Le président de la Commission électorale du Kenya a déclaré lundi William Ruto vainqueur de l'élection présidentielle face à Raila Odinga, après six jours d'attente et le rejet des résultats par une partie de cet organe indépendant.

Wafula Chebukati a annoncé que le vice-président sortant Ruto avait cumulé plus de 7,17 millions de votes, soit 50,49% des voix, contre 6,94 millions, soit 48,85% pour M. Odinga, remportant l'une des élections les plus serrées de l'histoire du pays.

William Samoei Ruto devient le cinquième président du Kenya, succédant à Uhuru Kenyatta qui, après deux mandats depuis 2013, n'avait pas le droit d'en briguer un troisième.

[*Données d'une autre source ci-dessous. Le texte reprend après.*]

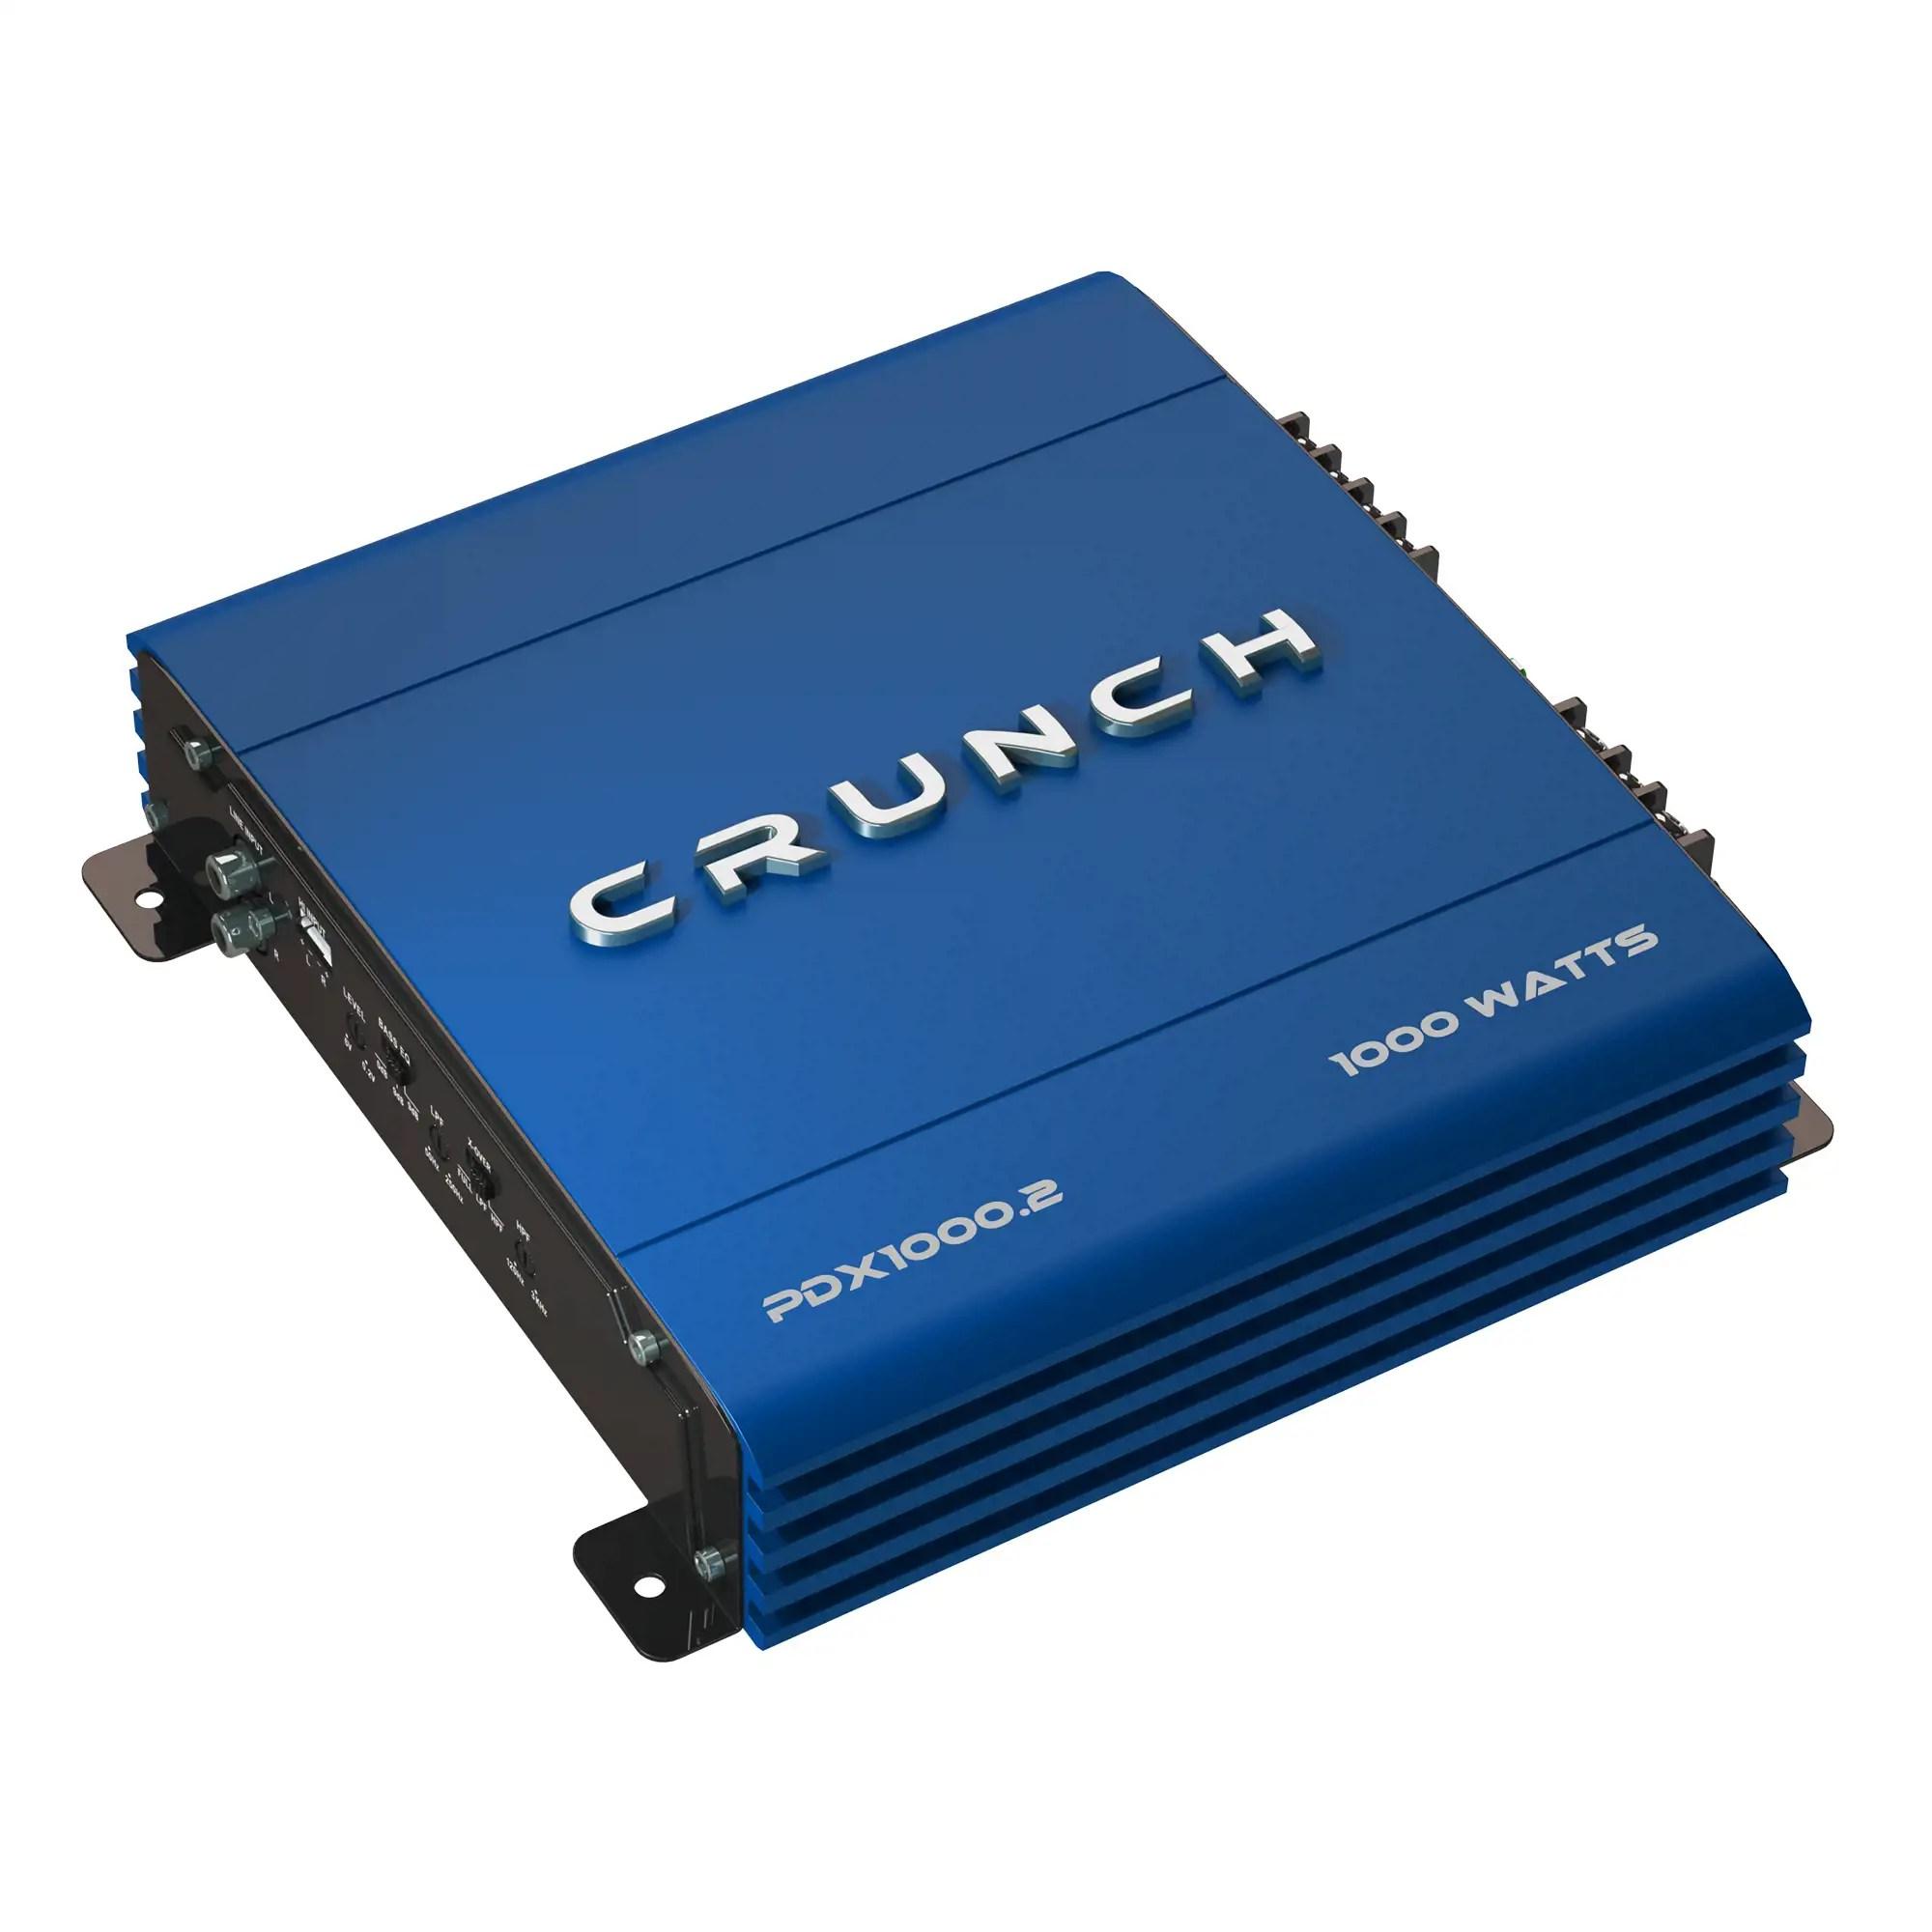 2 channel stereo amplifier 98 explorer radio wiring diagram crunch 1000 watt exclusive blue a b car
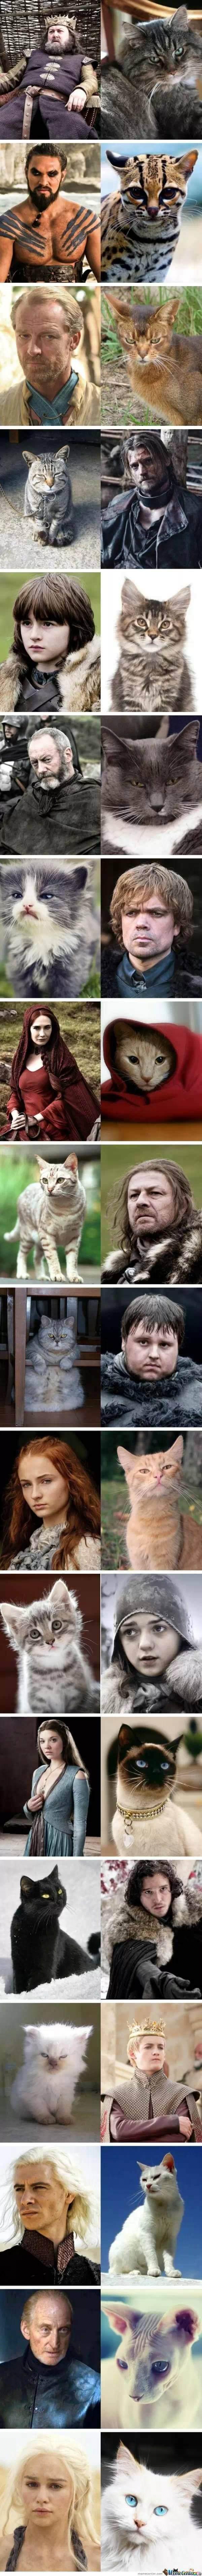 game-of-thrones-cat-version_o_1210494

Il a devancé de 233,211 voix M. Odinga au terme d'une campagne et d'un scrutin globalement paisibles, suivis d'une interminable attente de six jours qui a mis à rude épreuve la patience des Kényans. M. Ruto devient le premier membre de l'ethnie Kalenjin à être élu président depuis vingt ans, succédant à deux présidents de la communauté kikuyu.

"Self made man"

A 55 ans, l'ambitieux Ruto a âprement fait campagne ces dernières années à mesure qu'il était mis sur la touche par une alliance inattendue entre Kenyatta et Odinga, travaillant à polir sa réputation sulfureuse.

Cet enfant d'une famille modeste de la vallée du Rift devenu l'une des premières fortunes du pays aime à rappeler son histoire de "self made man" parti de rien et s'est proclamé porte-parole des "débrouillards" du petit peuple face au pouvoir des dynasties politiques incarnées par Kenyatta et Odinga.

A la mi-journée, le centre national de comptage de la Commission électorale, sur lequel les yeux de tout le pays sont rivés, s'était rempli de représentants des partis, observateurs et diplomates, qui ont attendu l'annonce pendant plusieurs heures, divertis par des chorales, sous forte surveillance policière.

Résultats rejetés

Quelques minutes avant cette annonce, quatre des sept commissaires de la Commission électorale (IEBC) ont tenu une conférence de presse dans un hôtel de la capitale pour annoncer qu'ils rejetaient ces résultats.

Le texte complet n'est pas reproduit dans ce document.